* [Work to be completed] All of the data that follows should be given again exactly, without its images.

* [The data]
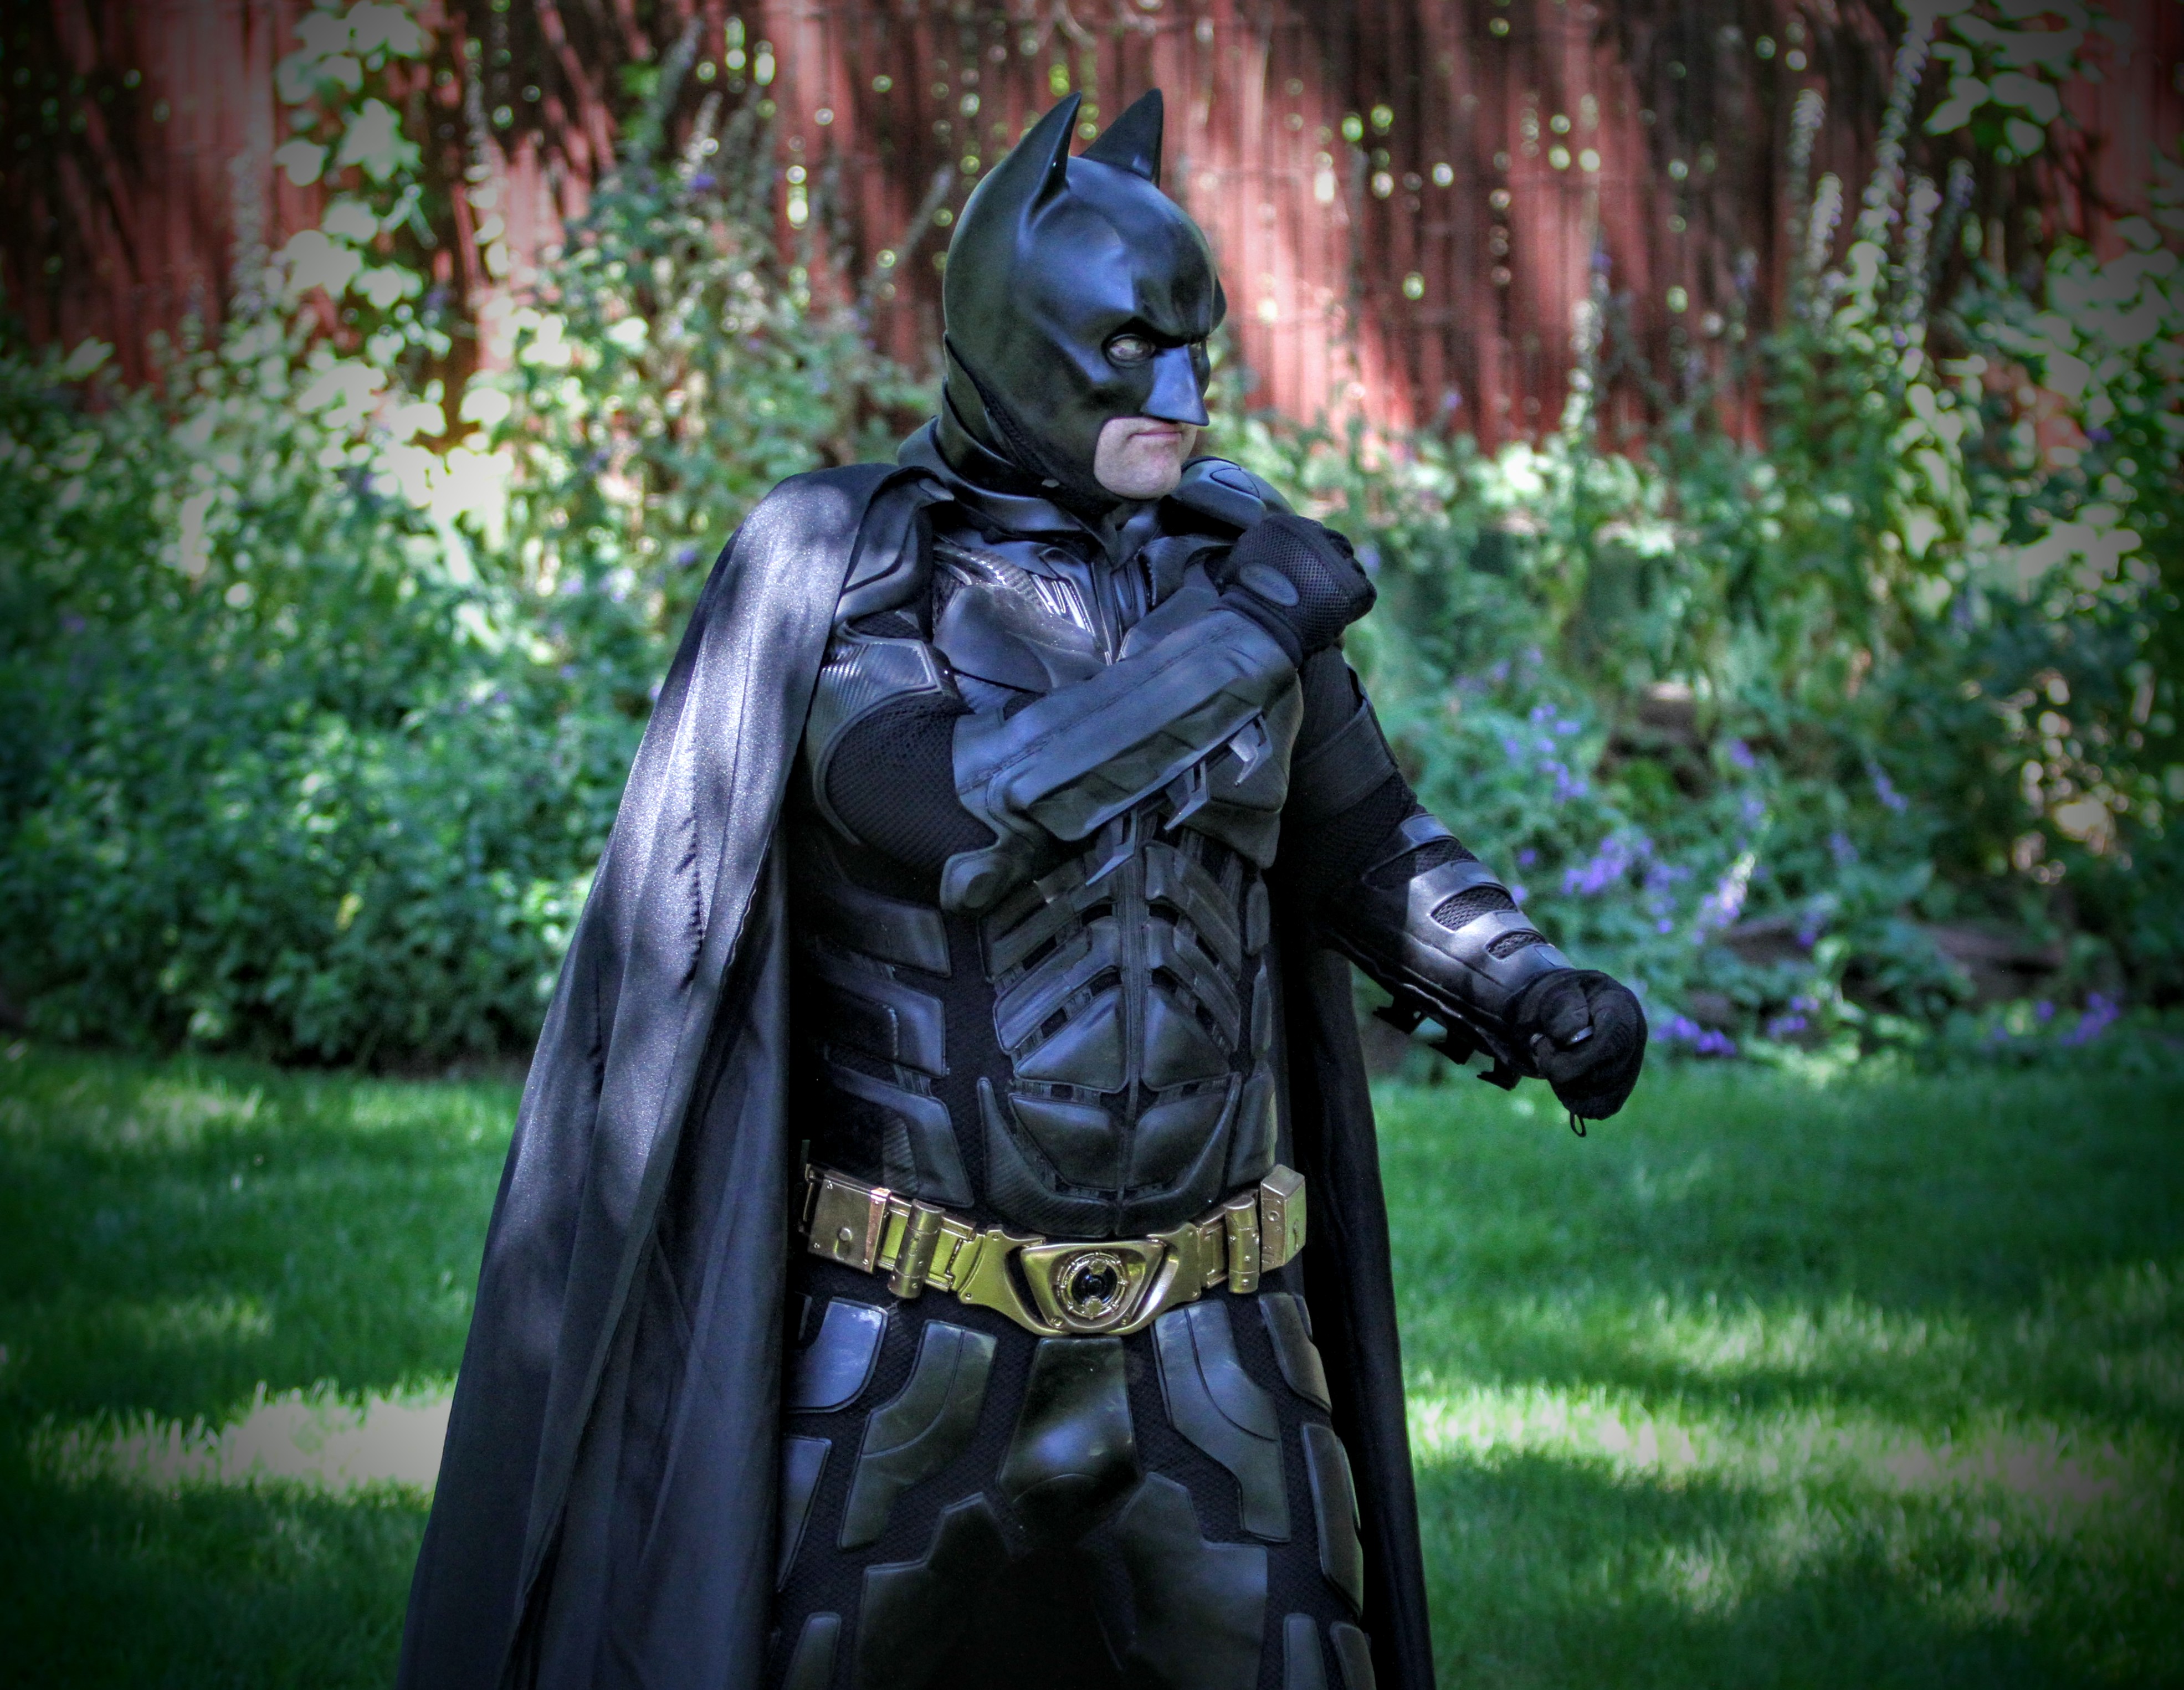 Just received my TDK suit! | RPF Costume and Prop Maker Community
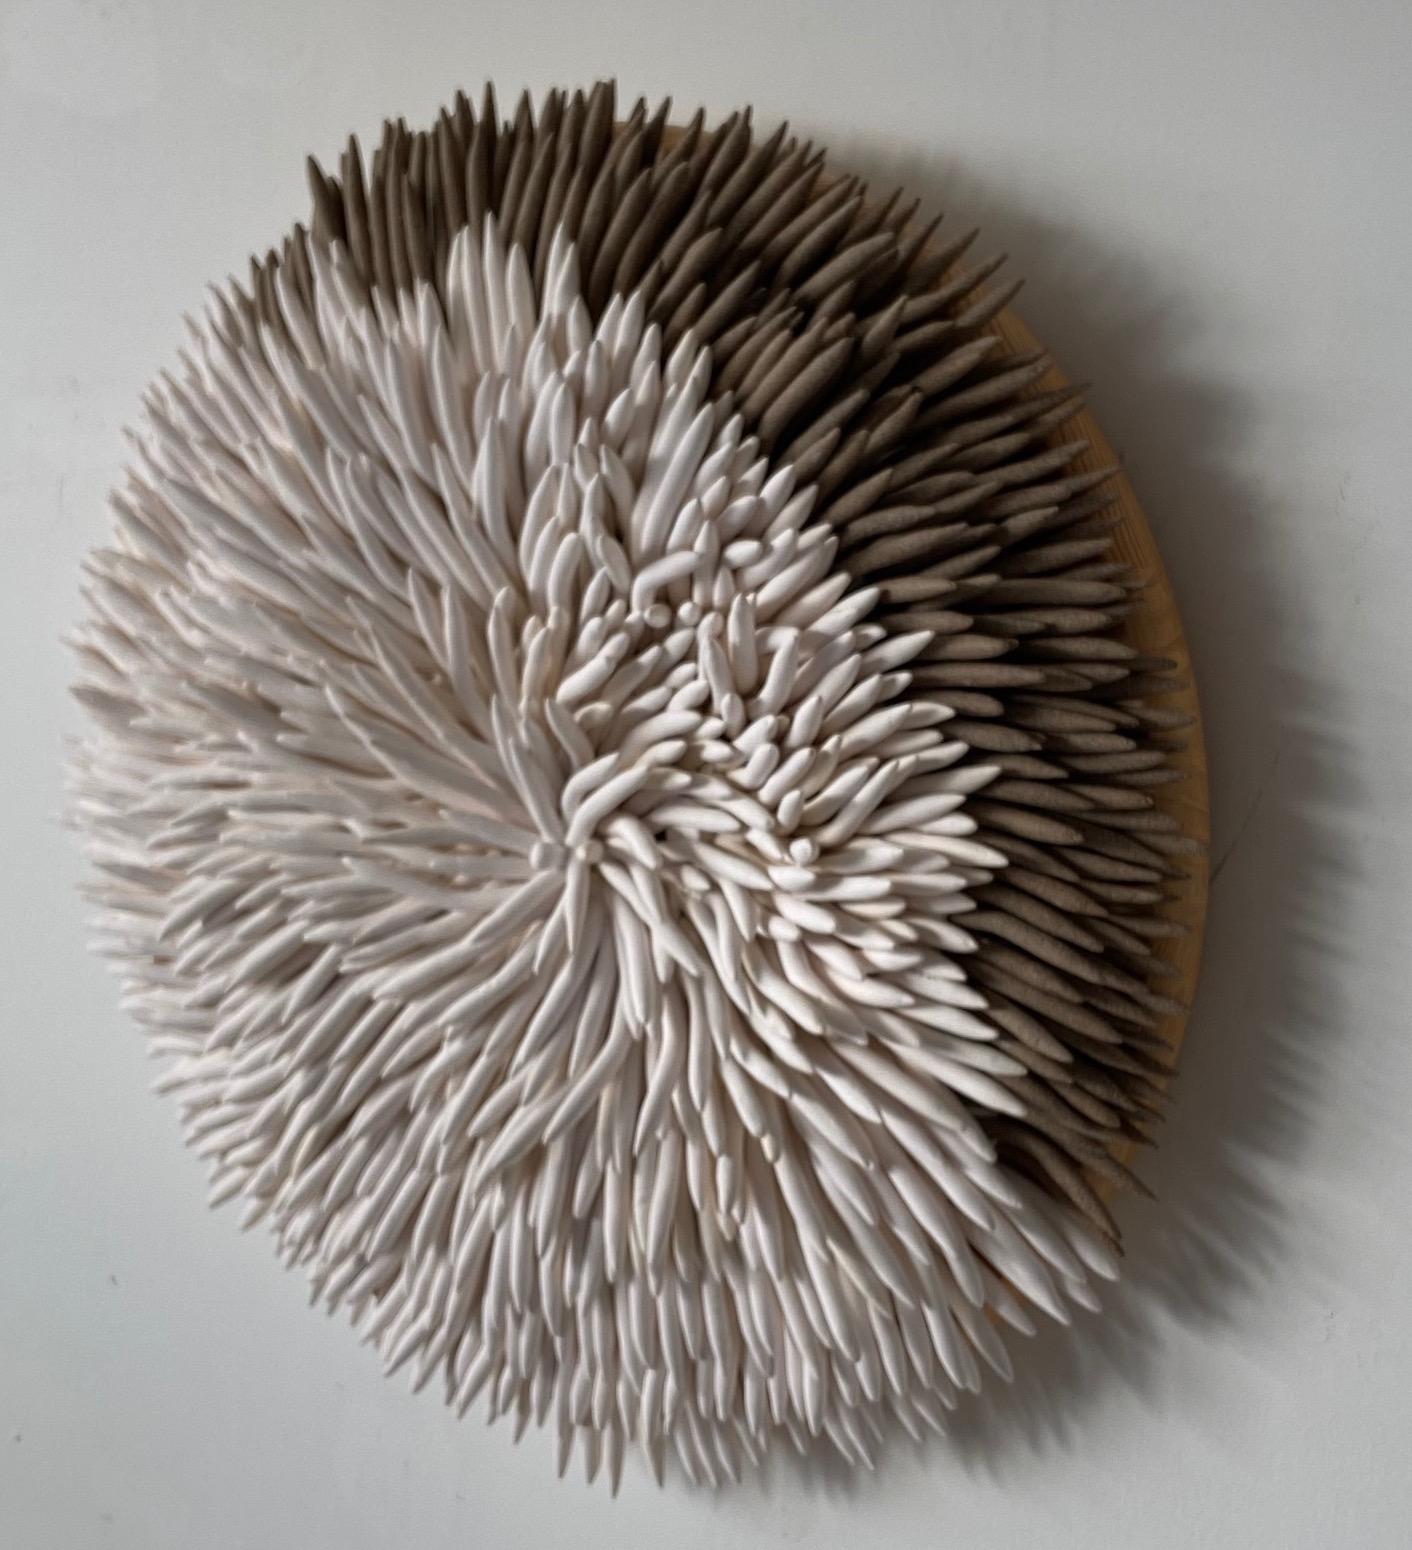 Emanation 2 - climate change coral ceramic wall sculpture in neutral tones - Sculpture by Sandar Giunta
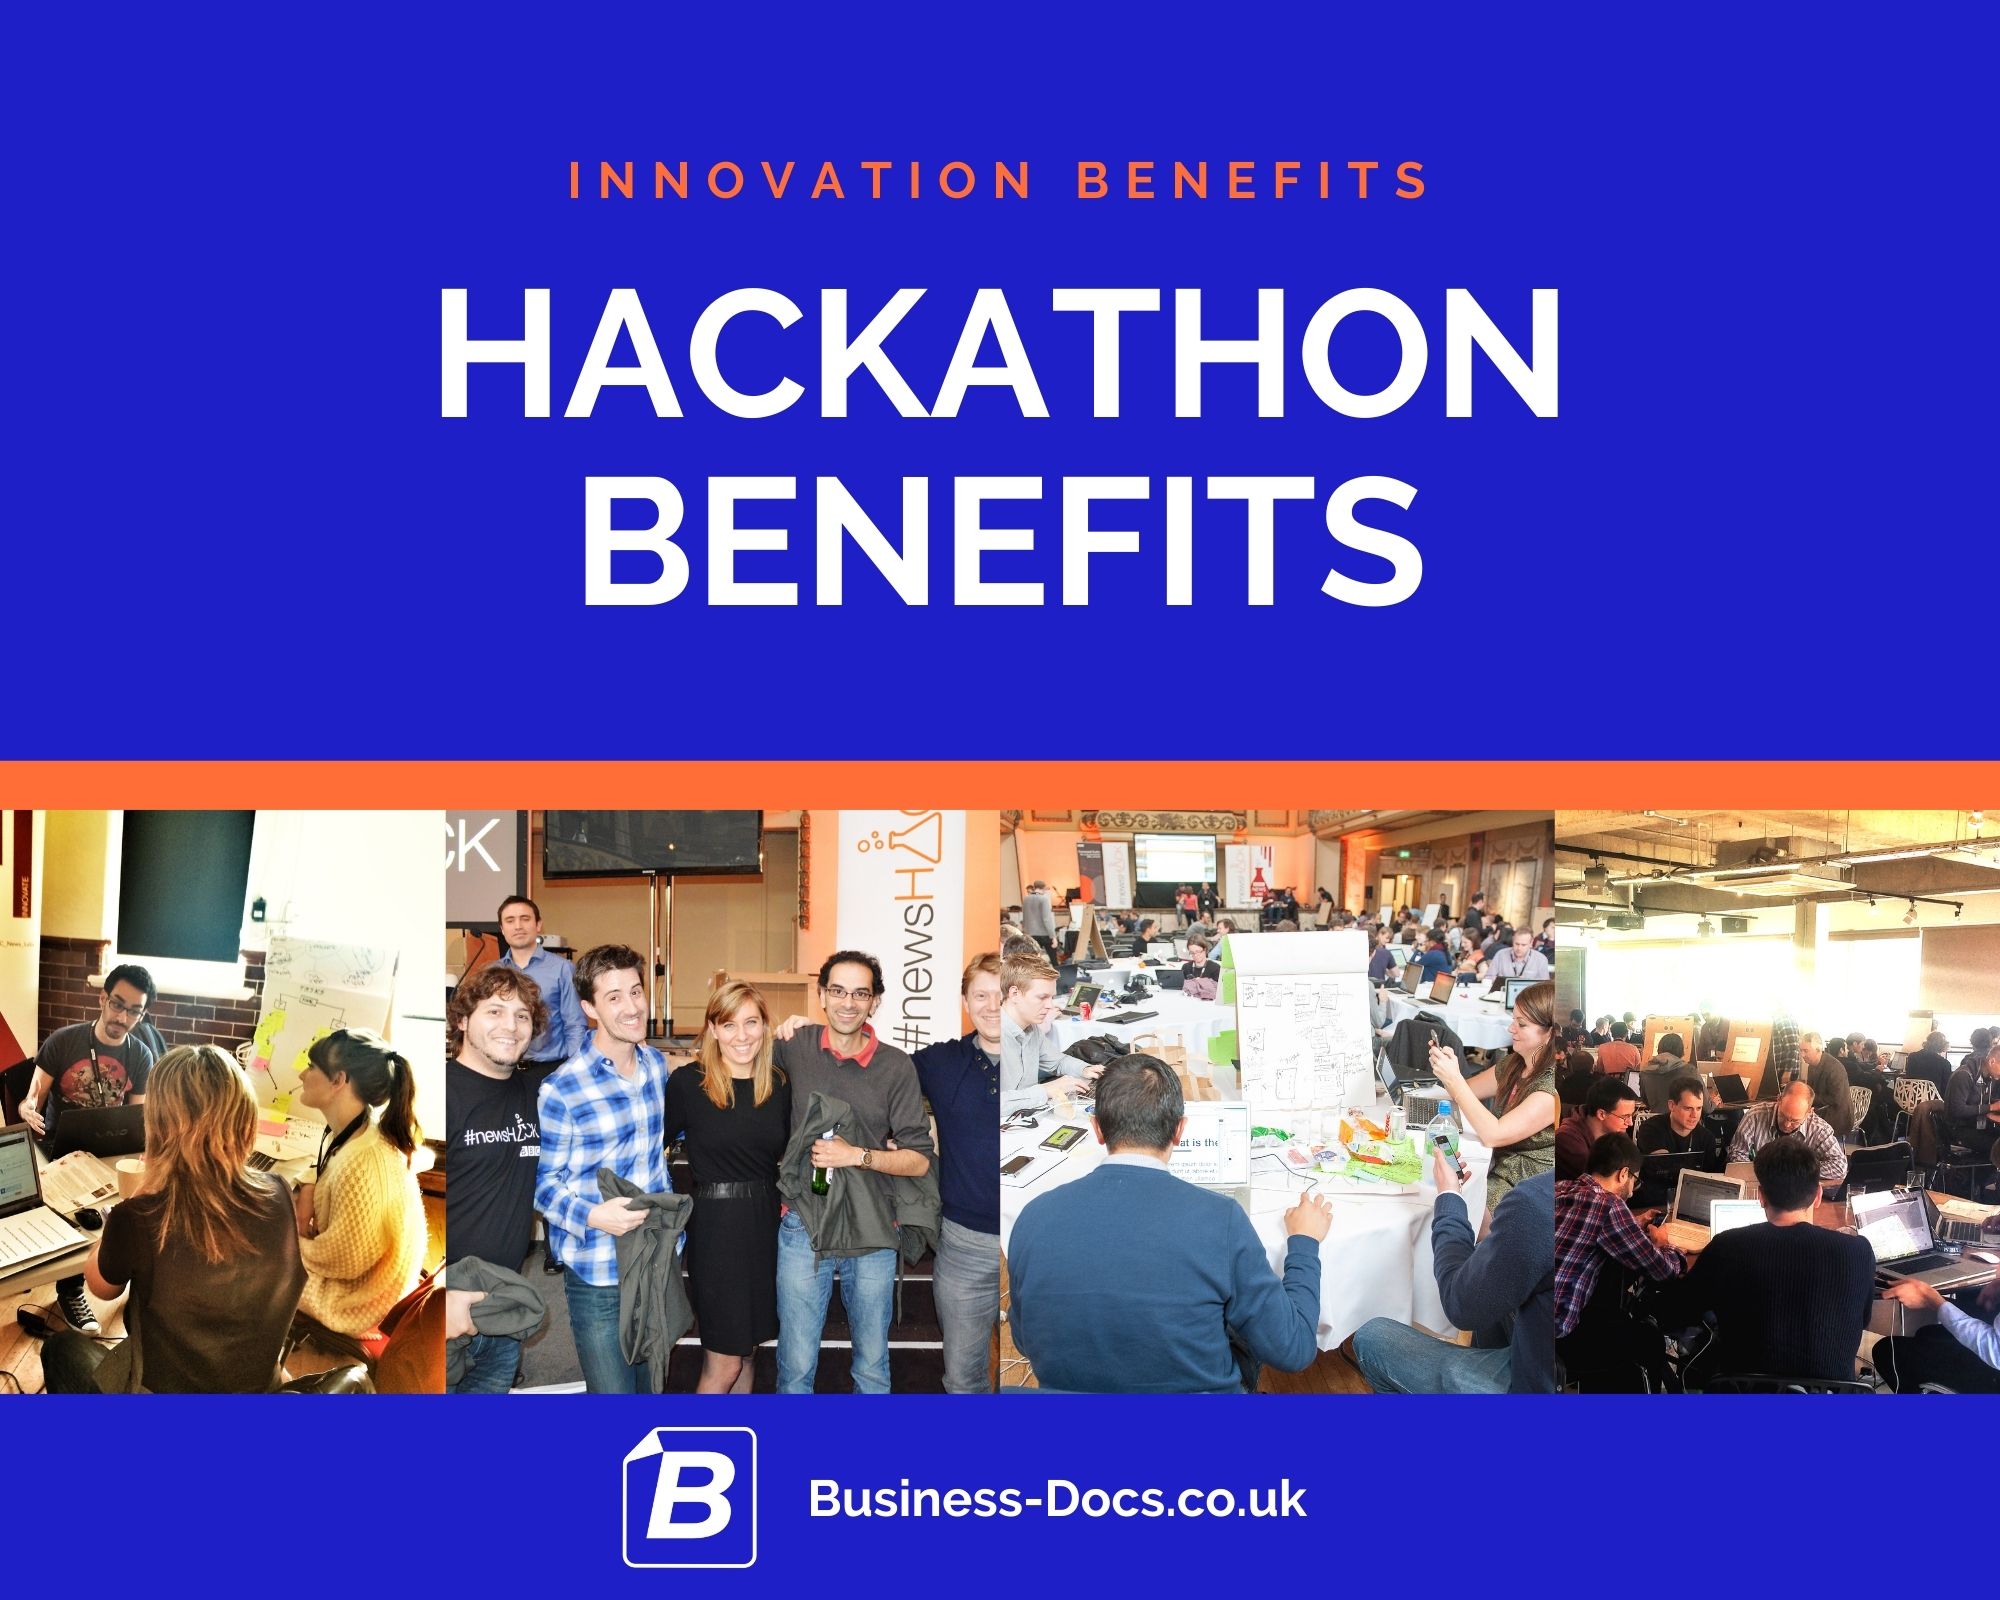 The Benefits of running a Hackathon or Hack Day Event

* [Reply to the task]
 Just received my TDK suit! | RPF Costume and Prop Maker Community
 Emanation 2 - climate change coral ceramic wall sculpture in neutral tones - Sculpture by Sandar Giunta
 The Benefits of running a Hackathon or Hack Day Event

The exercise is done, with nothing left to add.